After a relatively quiet summer, the Blazers are banking on incumbent players, minus Allen Crabbe.

NBA: Denver Nuggets at Portland Trail Blazers Craig Mitchelldyer-USA TODAY Sports

After spending the summer dumping salaries and drafting young, the Portland Trail Blazers will hope that internal grown buoys them in the 2017-18 NBA regular season. That’s the analysis from Shaun Powell of NBA.com, part of his 30 Teams in 30 Days series in preparation for the new campaign. In his article about the Blazers, Powell spends plenty of time deconstructing the old team before leaping into the new.

He starts by focusing on Allen Crabbe, traded to the Brooklyn Nets for Andrew Nicholson, who was subsequently waived.

There are times when you know, almost immediately, that signing a player is a reach. The Blazers admitted as much when they dumped Crabbe and his massive deal this summer on the team that gave him that four-year, $75 million offer sheet in 2016, the Nets.

Crabbe was too rich for the Blazers to keep. He does bring a dependable shooting touch but was one-dimensional and was never going to be a more than a backup to CJ McCollum. Thus, the Blazers were paying a combined $56 million a year to three guards, none of whom could defend, which was outrageous. Something had to give.

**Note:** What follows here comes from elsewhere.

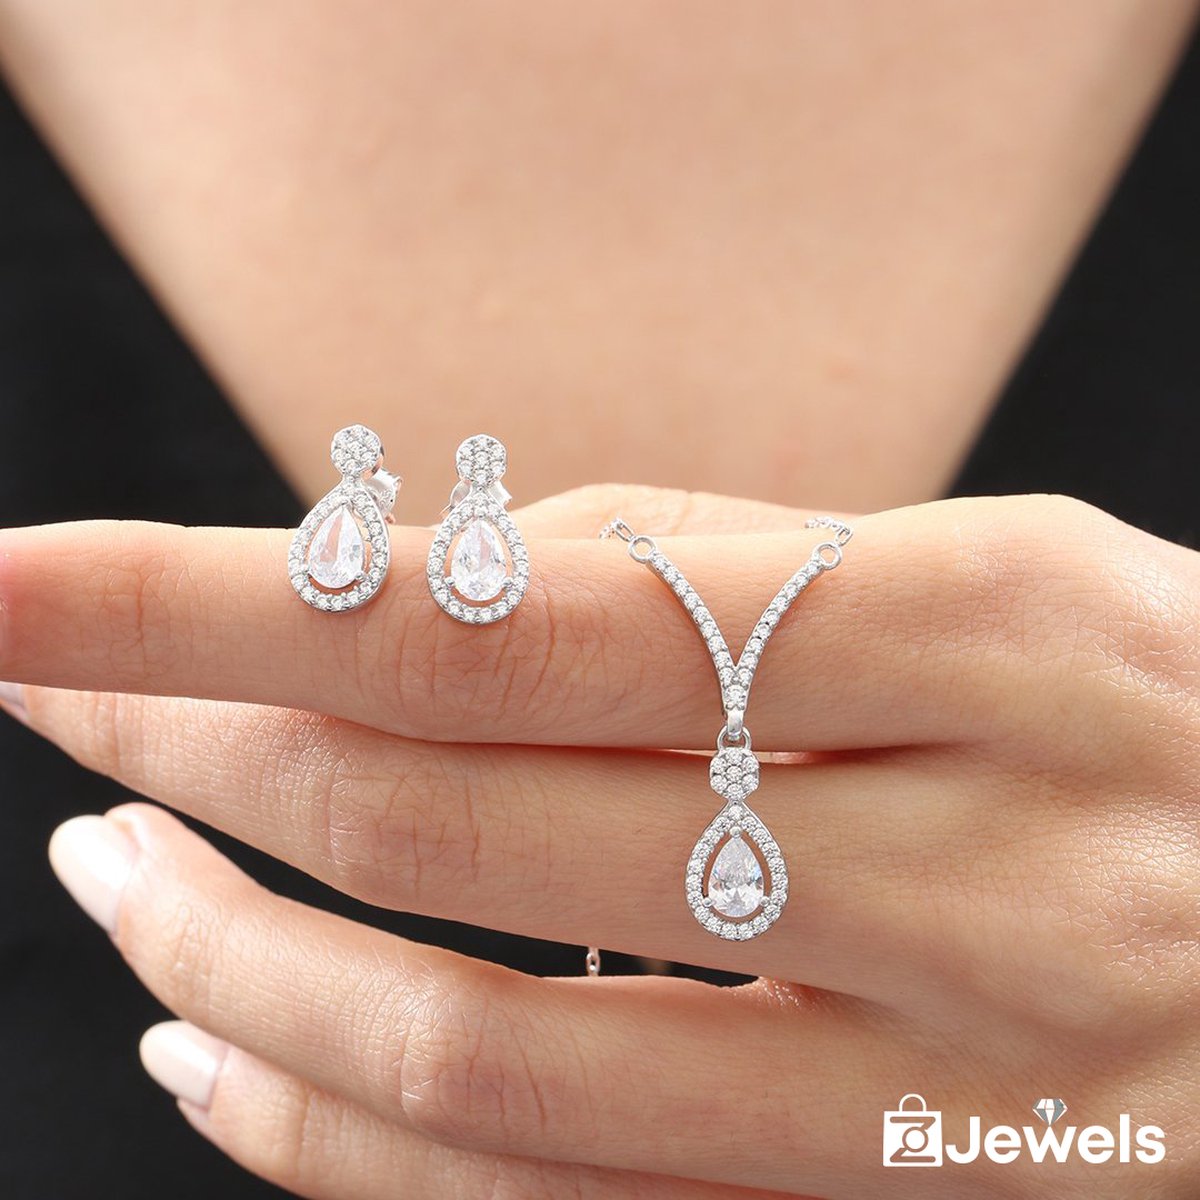 OZ Jewels Zilveren ketting- en Oorbellen set met Zirkonium - Accessoires - Liefdessieraden - - Damesoorbellen - Valentijnsdag - Cadeau - Moederdag - oorbellen Meisje - Sieraden Dames - In mooie geschenkverpakking

He mentions the Blazers trading for center Jusuf Nurkic last February--a move he credits for Portland executive Neil Olshey’s recent contract extension—then examines the rest of the team’s signings from 2016:

If they had it to do all over again, would the Blazers still break the bank for Crabbe, Mo Harkless, Evan Turner and Meyers Leonard and push their payroll to top five in the NBA? They all got paid two summers ago and none did anything special, at least not enough to improve the Blazers, a team still defined by the Lillard-McCollum combo and now, to an extent, Nurkic.

Powell touches on rookies Zach Collins and Caleb Swanigan and detours through CJ McCollum courting New York Knicks forward Carmelo Anthony via social media this summer before pronouncing final judgment on the accumulated moves:

Portland’s best hope is for growth from within; the majority of the roster is well under 30 and it’s possible that some players haven’t reached their peak. However, how many besides McCollum and [Damian] Lillard are potential All-Stars? Until Portland can add to that mix, the Blazers will live on the cusp of the playoffs, unable to break through the elite group.

Read the entire article here.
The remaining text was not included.